The Apache Software Foundation (ASF) has passed its first financial audit, migrated its own infrastructure to the cloud from ten-year-old tin, smashed its fundraising target and seen contributors add $625 million-worth of code* over the past fiscal year, as the long-running, volunteer-led foundation gears up for its twentieth anniversary in 2019.
The ASF’s annual report, published today, gives an insight into a developer community in rude good health, with the world’s largest open source foundation’s 300+ free enterprise-grade projects continuing to serve as the backbone for some of the most widely used applications in computing today; not bad for a team of volunteers.
What’s Hot?
The hottest project over the past year has been Apache Mynewt, the embedded operating system for building, deploying, and securely managing billions of devices, the annual report shows; with Mynewt contributors adding $61,769,063-worth of code in this period to their core component alone.
(Mynewt, first unveiled in 2016, is a tiny – the kernel is just 6kb – hardware-agnostic, composable OS for 32-bit microcontrollers (MCUs) that allow a variety of embedded devices, such as wearables, light bulbs, locks, doorbells, and other devices to connect to the IoT; it has been designed to be easy to build and connect.)
Cloud Migration
The Foundation’s David Nalley said: “One area that we’ve considered high priority for a while, has been migrating from Apache-owned hardware over to cloud-provisioned systems.

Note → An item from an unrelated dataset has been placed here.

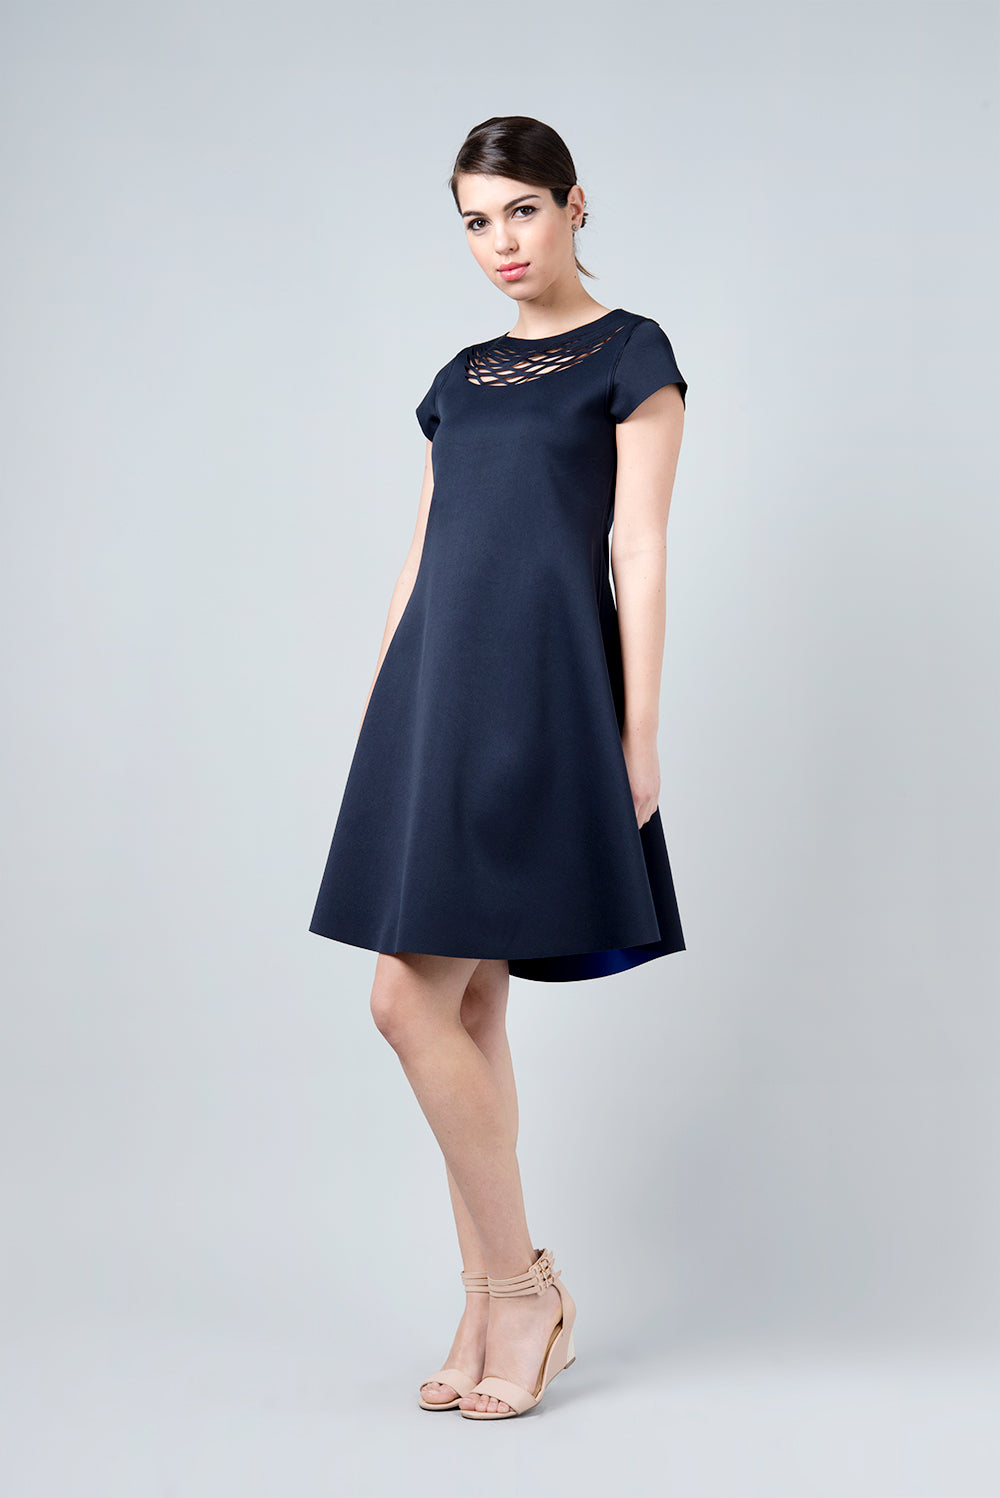 Double sided blue and navy dress - Omega I/O dress

This reduces our risks around hardware failure (we have seen many disk failures over the years), and speeds up our provisioning of new services.”
He added: “One particular win, was to move our mail archive services to the cloud, allowing us to turn off two machines that had been in service for eight and ten years. We have also consolidated our domains, much of our DNS provisioning, and certificate management with a single provider. This has reduced our costs and, through its API, enhanced our ability to service the Apache communities.”
Also Good…
The Foundation described itself as in “excellent fiscal shape” with strong ongoing sponsorship from tech’s big names. It finished the year beating its fundraising target by 150 percent after receiving a 88.34 Bitcoin donation from the Pineapple Fund, making a net profit of $548,630 in the last financial year.
ASF: By the Numbers
The ASF currently has 194 committees managing 319 projects and sub-projects, the report shows, with the foundation continuing its guardianship of 190+ million lines of code in the Apache repositories. Over the past year Apache has continued to receive web requests from every Internet-connected country on the planet; with a stunning 35 million page views per week across apache.org.
Over 80 million websites meanwhile use the Apache HTTP Server; which also underpins clouds for Apple, Disney, Huawei, Tata, and countless others; it also provides content management across multi-mission, multi-instrument science data systems at NASA Jet Propulsion Laboratory.
ASF President Sam Ruby said: “Our projects continue to remain an all-volunteer effort. These volunteers go well beyond simply contributing code to a codebase. They build sustainable communities that build software that is deployed the range from the smallest portable device to largest data centers on the planet. We continue to set strategy from the bottom up. Project direction is set by those who show up and contribute, be it code, tests, documentation, or simply answering questions on mailing lists. [They are] Free to pursue strategies independent of any vendor’s interests.”